In een monsterrol nr 1211 dd 26 juni 1844 monsterde hij aan als 3e stuurman (vermeld als Joseph Coening Meyer), wonende te Den Haag, gage f 26,- per maand, op het fregat “Ida Willemina” onder kapitein G.G.Geerling voor een reis met 33 man naar Batavia. 064
In de monsterrol nr. 1599 dd. 27 oktober 1853 in het Gemeentearchief van Dordrecht staat J.Coening Meijer, wonend te Dordrecht, oud 29 jaar, geboekt als gezagvoerder op de bark “Jan Schouten”, varend voor G.Schouten te Dordrecht en vertrekkend met 25 man naar Batavia.
J.Coening Meyer verzorgde per 03 juni 1856 vanuit Brouwershaven met de “Jan Schouten” een troepentransport van 4 officieren en 120 manschappen naar Nederlands Oost Indië. Hij arriveerde te Batavia op 17 september 1856 na 106 dagen065.
De Harlinger Courant van begin april 1853 (preciese datum niet vermeld op de fotokopie) vermeldt het volgende bericht onder de rubriek SCHEEPS-BERIGTEN 096:
“JERSEY, 5 April. Het schip Groningen, kapt. Meijer v. Nickerie n. Amst. is gisteren na in de baai van St.Ouen aangezeild te zijn, alhier in de nabijheid totaal verongelukt; de kapitein en 6 man zijn daarbij verdronken, doch de stuurman gered en een gedeelte der lading en inventaris geborgen.”
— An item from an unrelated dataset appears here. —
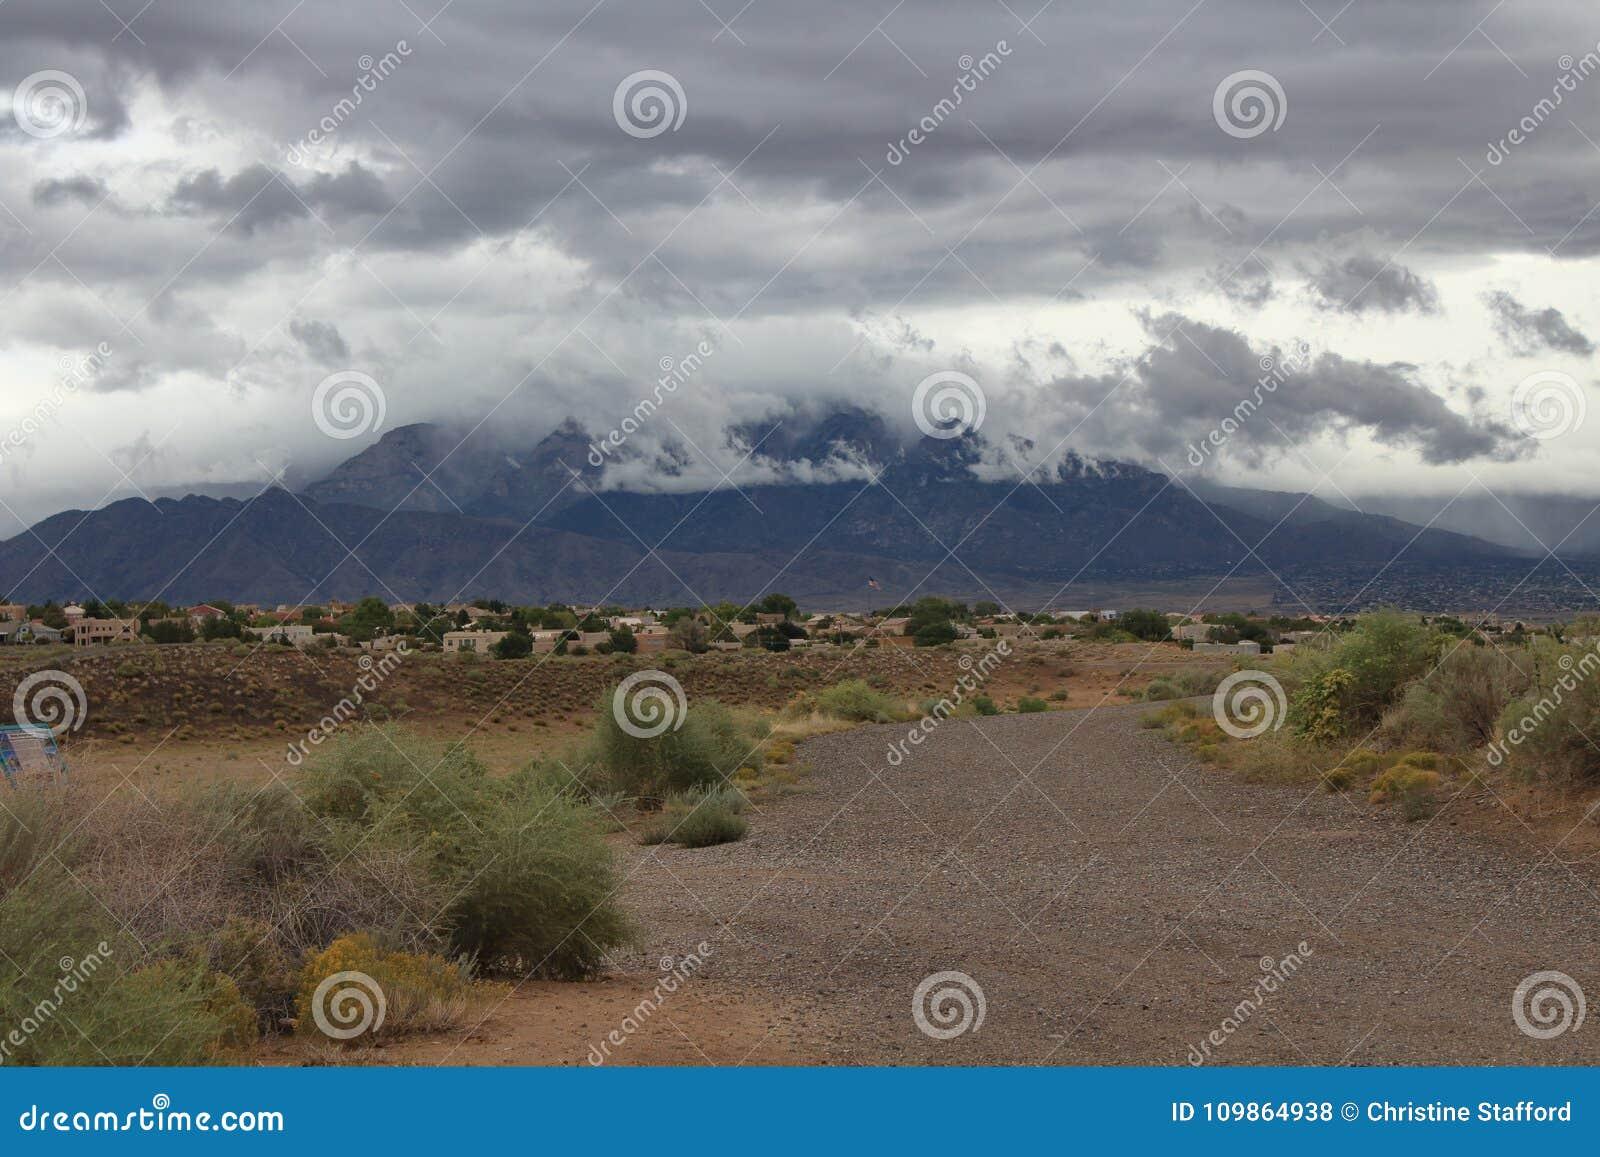 Σειρά βουνών sandia Νέων Μεξικό που βλέπει από το μαύρο φράγμα Αλμπικέρκη aroyo μια βροχερή θυελλώδη ημέρα

Familiegegevens en opleiding
Gerrit Nicolaas Reuwert Phaff werd geboren te Zierikzee op 17 december 1830 als zoon van Annanias Phaff en Johanna Anthonia Akkerdaas.
Hij trouwde op 11 april 1857 te Zierikzee als stuurman ter koopvaardij met Maria Johanna Ochtman, geboren te Zierikzee op 23 maart 1833 als dochter van Jacob Ochtman, splitter der staatsloterij, en Jannetje Jacobs. Zij overleed te Zierikzee op 06 januari 1929, 95 jaar.
Gerrit N.R.overleed op 05 april 1864 te Zierikzee, 33 jaar, koopvaardijkapitein.zeeuwengezocht
Zierikzeesche Courant06 april 1864
Advertentie. Heden overleed na een smartelijk lijden in de ouderdom van 33 en na een gelukkige echtvereniging van bijna 7 jaren, mijn geliefde echtgenoot de heer G.N.R. Phaff, in leven gezagvoerder op het barkschip ZEEMANSHOOP.
M.J. Ochtman, weduwe van G.N.R. Phaff. Zierikzee, 5 april 1864.
Lidmaatschap zeemanscollege(s)
G.N.R.Phaff was met vlagnummer R20 in de periode 1861 t/m 1864 effectief lid van het Rotterdamse zeemanscollege Maatschappij tot Nut der Zeevaart058.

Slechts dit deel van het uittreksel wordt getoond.